> Assignment: For the data below, transcribe the part that opens with the line containing "Liz Rhinestone Heart Ring - Iridescent" and closes with the line containing "香水瓶外观设计图第一素材精选 Perfume Mockups插图(3)", exactly and with no pictures.
--- Data for this exercise ---
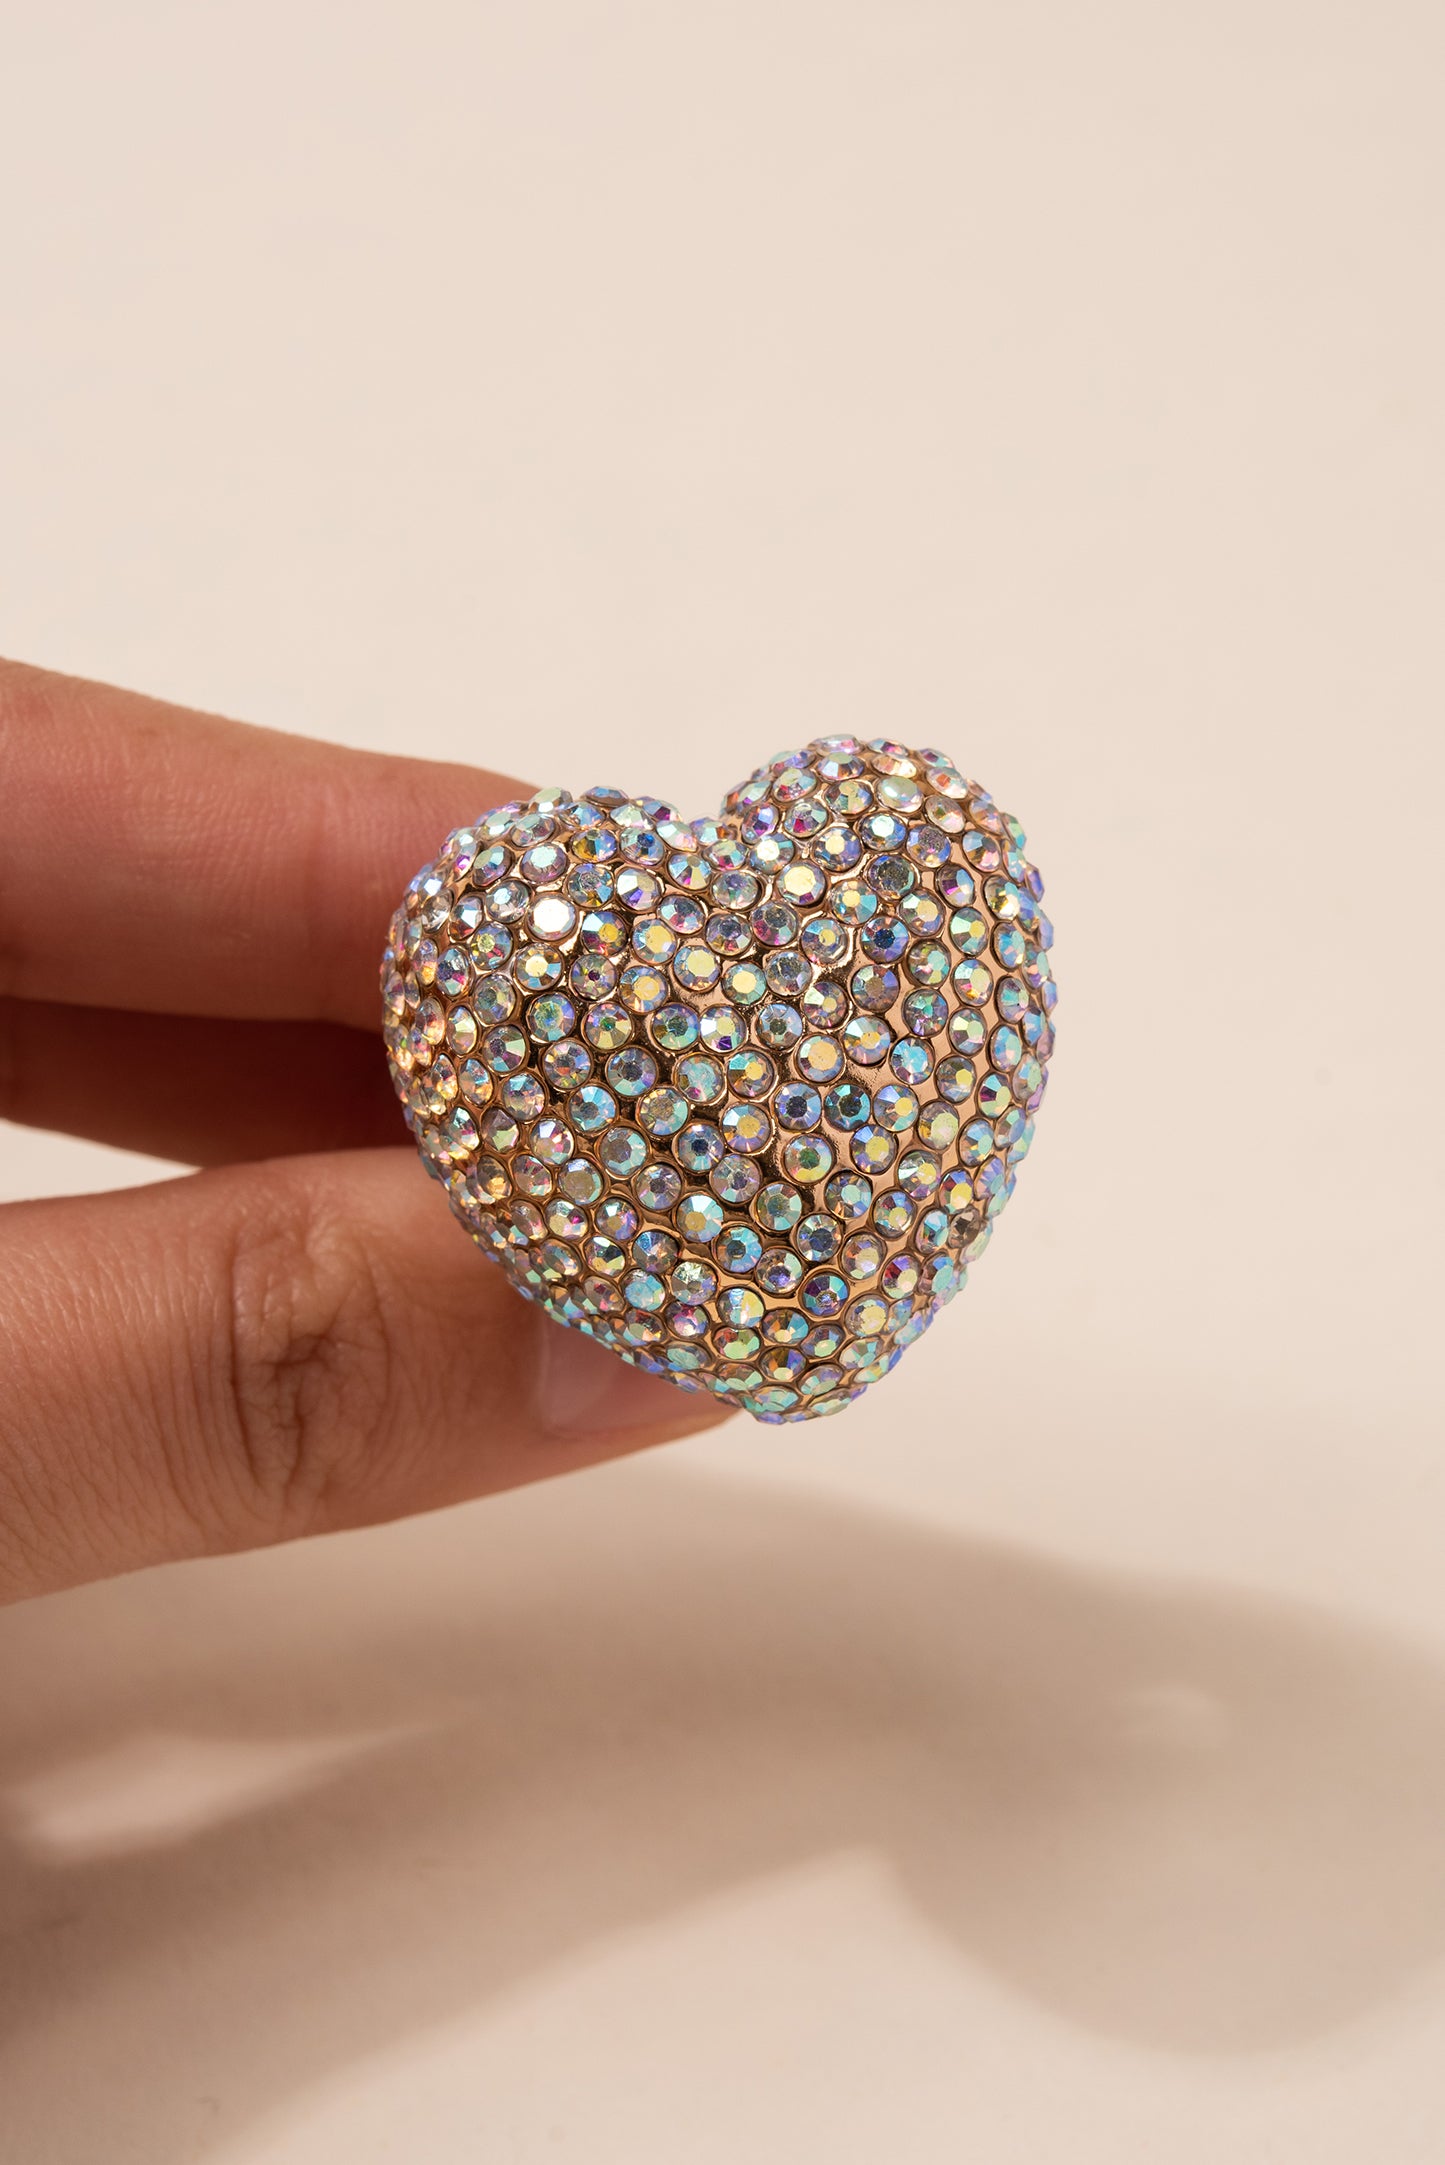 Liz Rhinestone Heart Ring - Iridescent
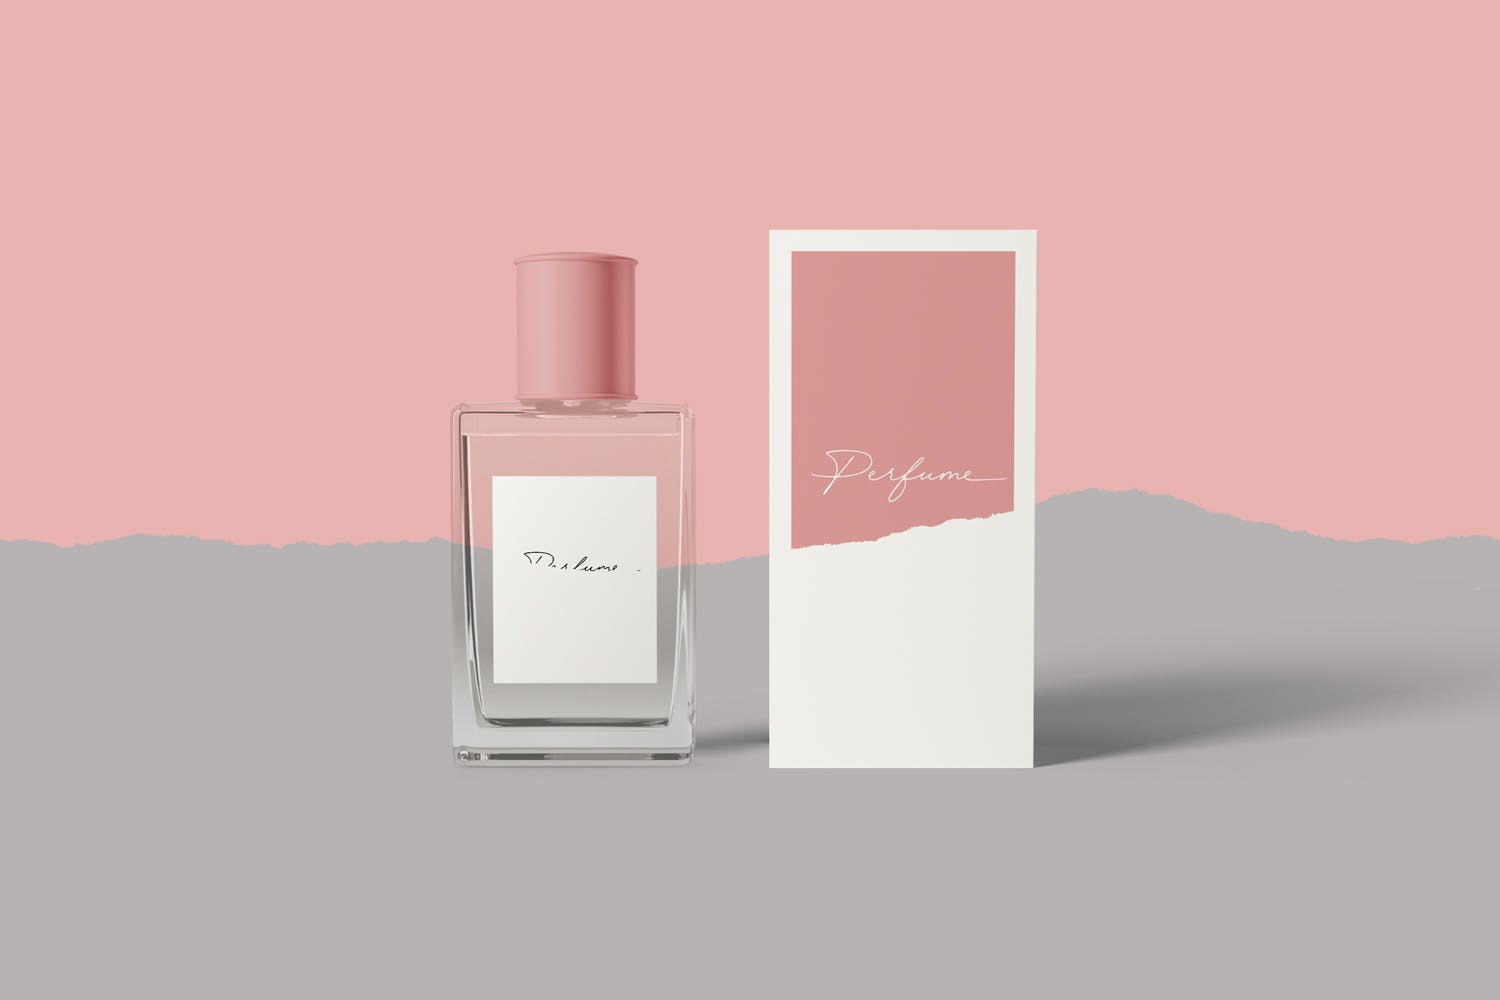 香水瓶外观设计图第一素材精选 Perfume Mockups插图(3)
---
--- Data for this exercise ---
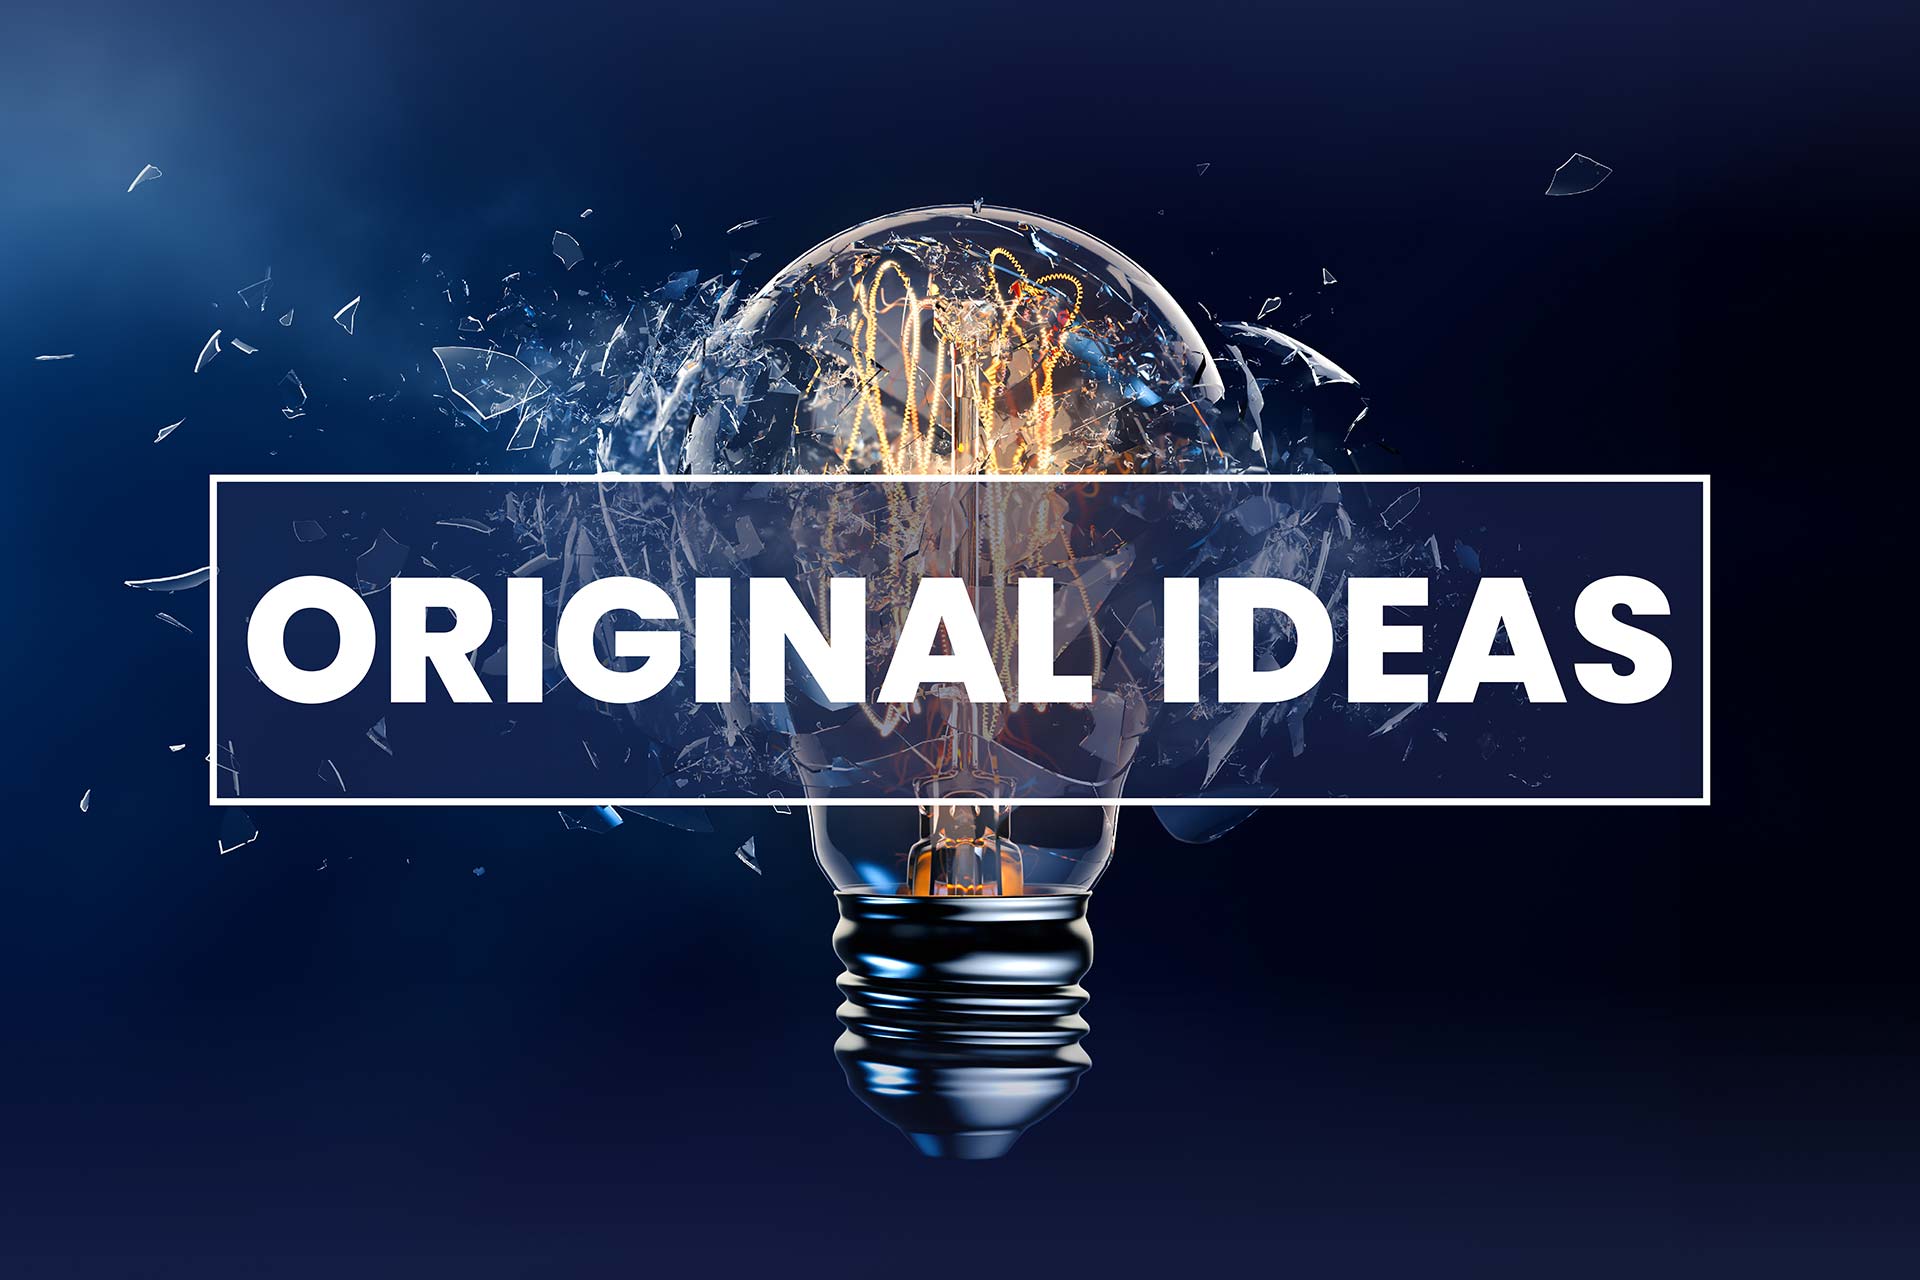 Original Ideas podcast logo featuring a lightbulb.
---
> Solution to the exercise:
 Liz Rhinestone Heart Ring - Iridescent
 香水瓶外观设计图第一素材精选 Perfume Mockups插图(3)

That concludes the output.